The bluegrass coterie, local and beyond, has long been about fellowship and community, rallying around each other when it’s needed and for a cause when warranted.
McLoud met some of her closest friends at a house jam on James Island more than a decade ago; others at Fox Music House and Hungry Monk Music as instrument browsers and shopkeepers bonded over a shared passion for Appalachian tunes.
Goller came into the mix a little later with his guitar, an instrument he usually used for solitary playing. It was fun and different to join in with up to 20 folks or more for an improvisational session at someone’s house.
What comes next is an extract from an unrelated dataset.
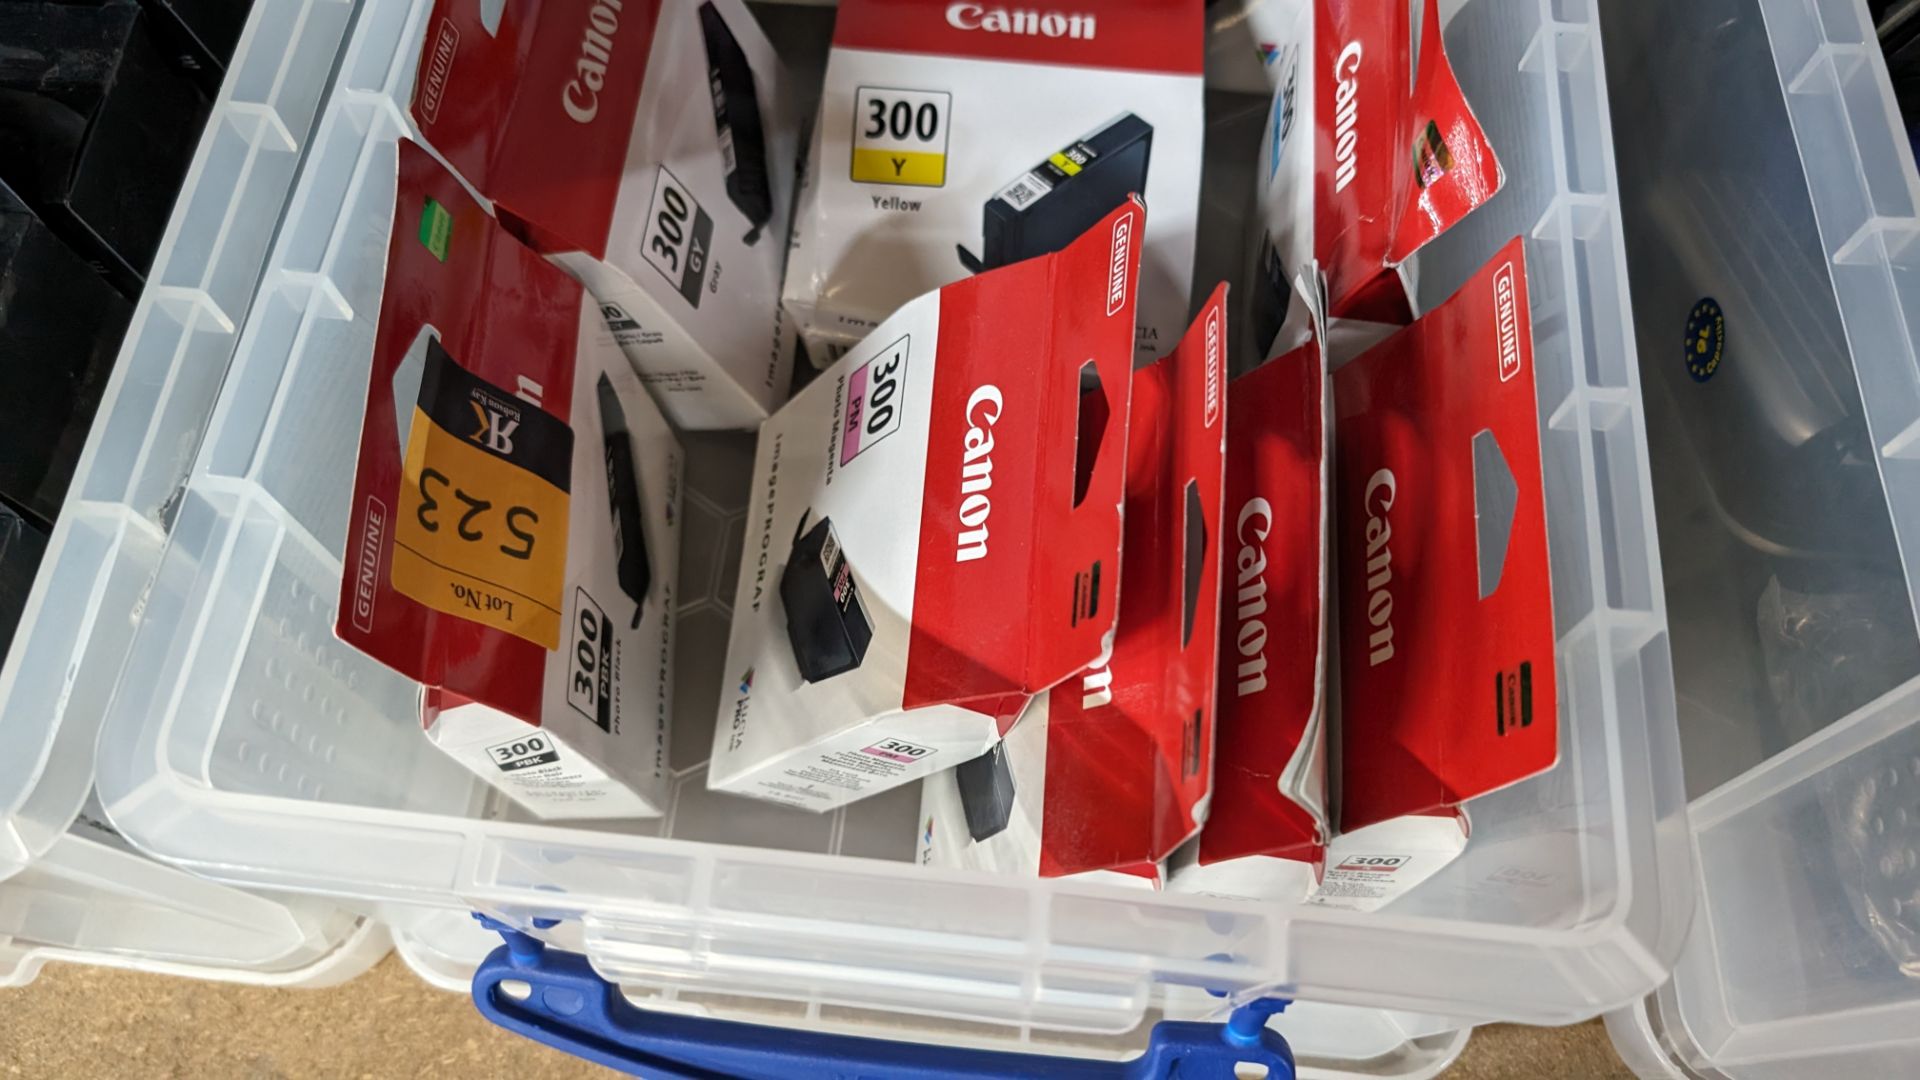 10 off assorted Canon inkjet cartridges - Image 6 of 9

“It’s about the social aspect as much as the music aspect of it,” said Goller. “You have instant friends anywhere in world.”
He’s been to weeklong camps in Myrtle Beach and towns across North Carolina; he even has played with some folks in Seattle. When he got together with the Palmetto Rose Band, they began playing at barbecue joints, Shem Creek bars and on Folly Beach porches.
It’s just as much about the audience as the camaraderie between the band members, McLoud offered. When people are singing and dancing along, it becomes an uplifting experience.
“It makes you feel like you just left church,” she said.
Now with summer wrapping up, the Palmetto Rose Band isn’t sure how many consistent Waterfront Park Sundays they’ll be playing past tourist season, but they’re staying committed to the cause.
“It may be a couple of weeks before we can all get together again,” McLoud said in early August, “But we have committed to doing this until there is no longer a need. I love my band family.”
For those who happen to be strolling through Waterfront Park on an early Sunday afternoon, look for the Ukrainian flag and listen for some bluegrass tunes.